Sound Topographies

· sonic events
Photo: Marek Jančúch

Go outside and listen. Sound Topographies is a series of events with this simple intention: to listen to the world and the soundscape that forms its acoustic exoskeleton. Listening creates space for new questions. Through hearing, we observe, study, and explore the acoustic manifestations and sound quality of the world. We map it, discover acoustic spaces, and seek connections with various fields of natural sciences and humanities. Where necessary, we contextualise. Where nothing more needs to be added, simply listening is enough. Interpretation is up to each of us.

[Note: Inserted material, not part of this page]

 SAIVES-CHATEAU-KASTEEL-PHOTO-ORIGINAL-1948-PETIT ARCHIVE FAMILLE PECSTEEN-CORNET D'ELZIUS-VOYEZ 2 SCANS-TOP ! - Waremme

The Sound Topographies series is related to two tendencies occurring in contemporary music and sound art since the second half of the 20th century. The first of these tendencies is listening to the world – also called acoustic ecology. Today, in the “post-Cage” era, it is an undeniable fact that we perceive music as any sound events happening in time that we intend to perceive musically. Pauline Oliveros and R. Murray Schafer have developed the idea of “deep listening” in the past decades of the 20th century, which, from today’s perspective, can be seen as an individual, original artistic act, but also, given the global ecological situation, as a Darwinian shift, a redirection of our attention towards the outside and an effort to change our thinking about managing the planet. We wish to change the anthropocentric model to a different one, a more sustainable one, based on a system of balance that has evolved in nature for millions of years.

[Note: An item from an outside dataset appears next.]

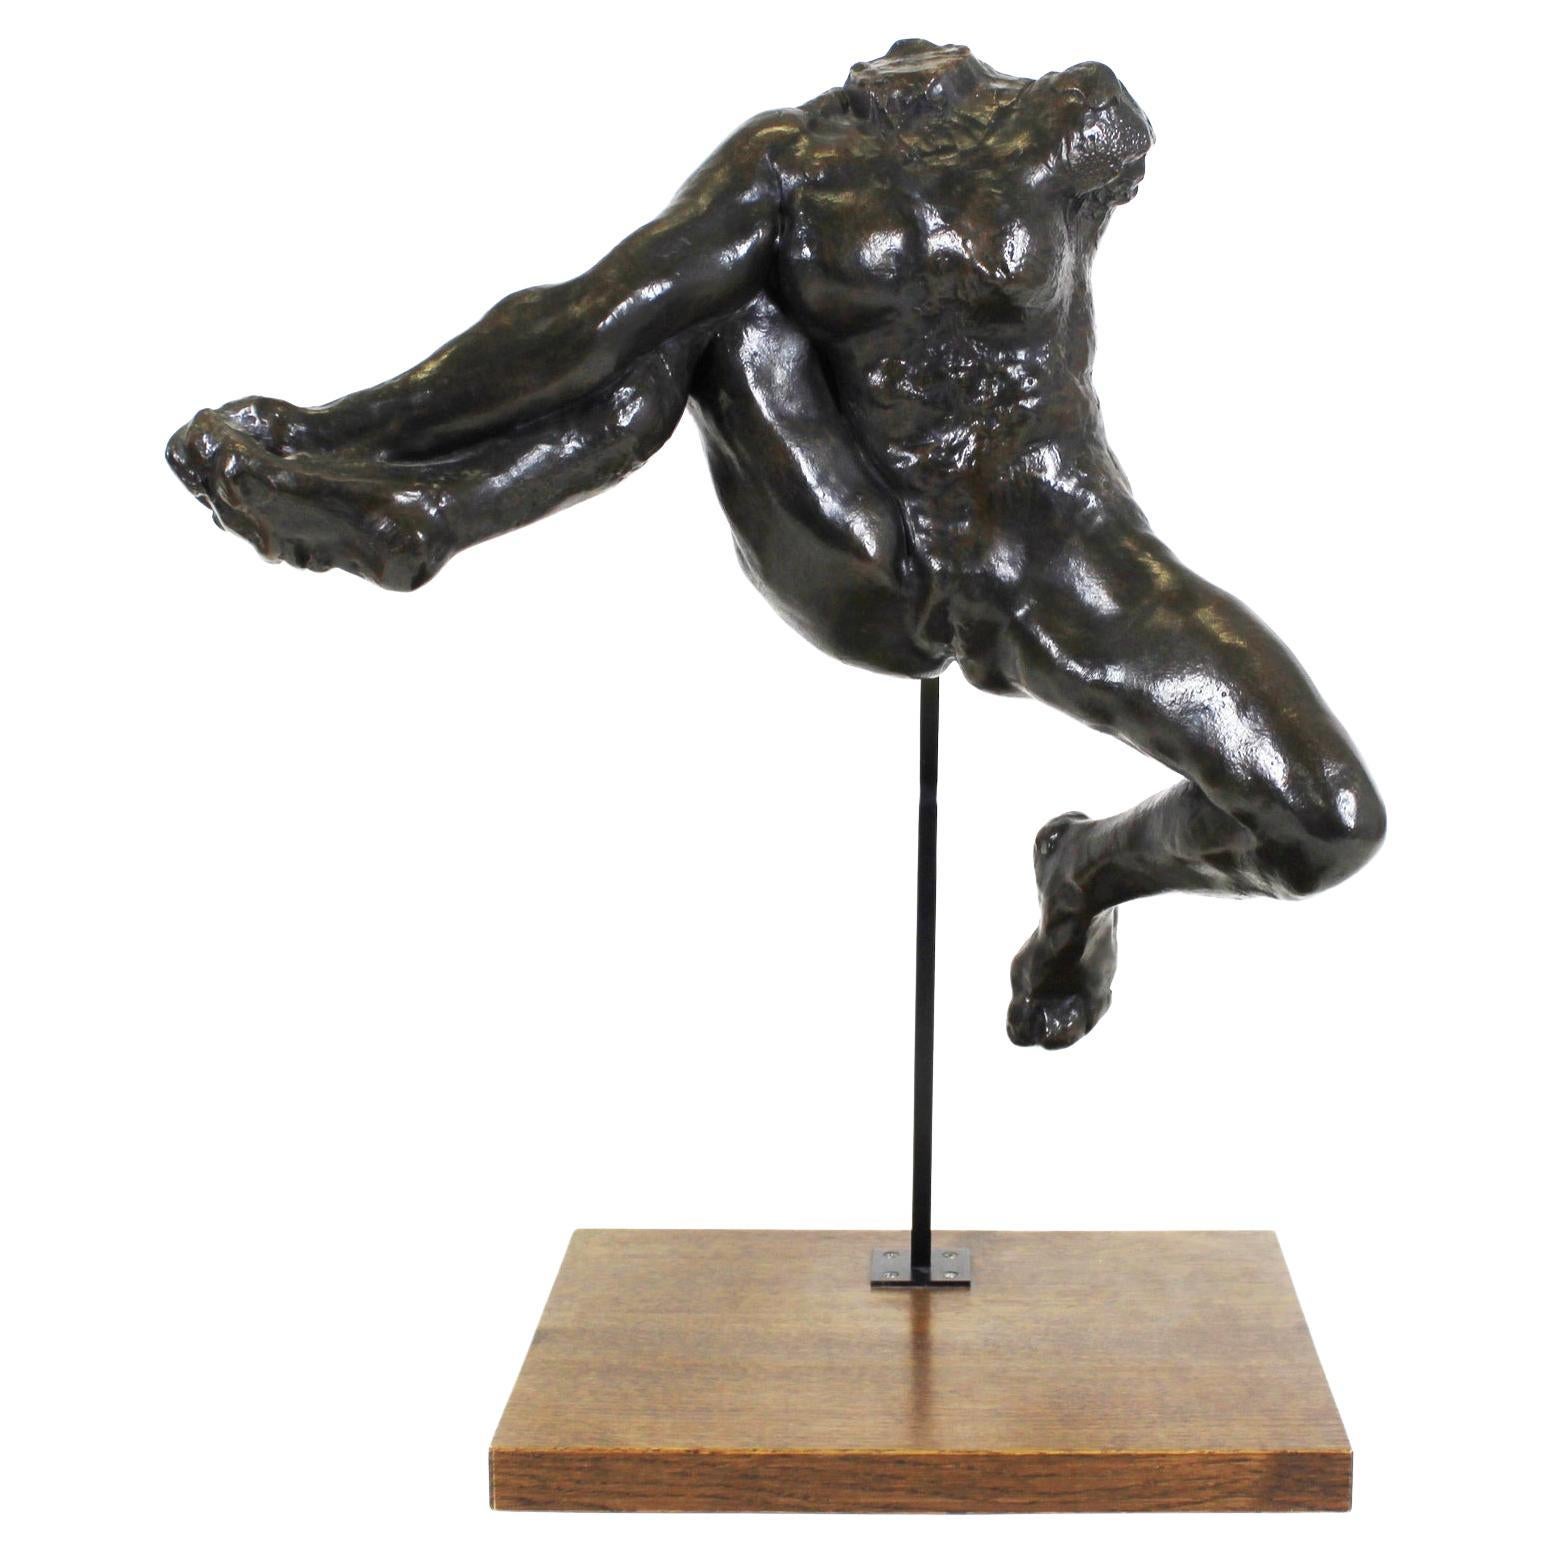 Réplique de Rodin « Iris, Messenger of the Gods » (Le messager des dieux)

The second tendency is the disruption of the concept historically defined as space designed and constructed for music and its consumption. We live in an era of the greatest musical diversity our civilisation has ever experienced. It is therefore understandable to question whether the strict definition of spaces intended for art appears to be more of a limitation than an advantage.

The Sound Topographies series is our contribution to the topic of acoustic ecology – the musical and sonic perception of the world. Our only world, which we are all changing much faster than all natural processes combined. We live in the epoch of the Anthropocene, and it is us who bear the responsibility for how the future will look and sound.

Anette Vandsø, a Danish art theorist, named the idea that is so important in contemporary art: “Episteme means knowledge. When we say that art has epistemological potential, it means not only that it refers to already known knowledge but that it produces new knowledge itself.” Listening teaches us.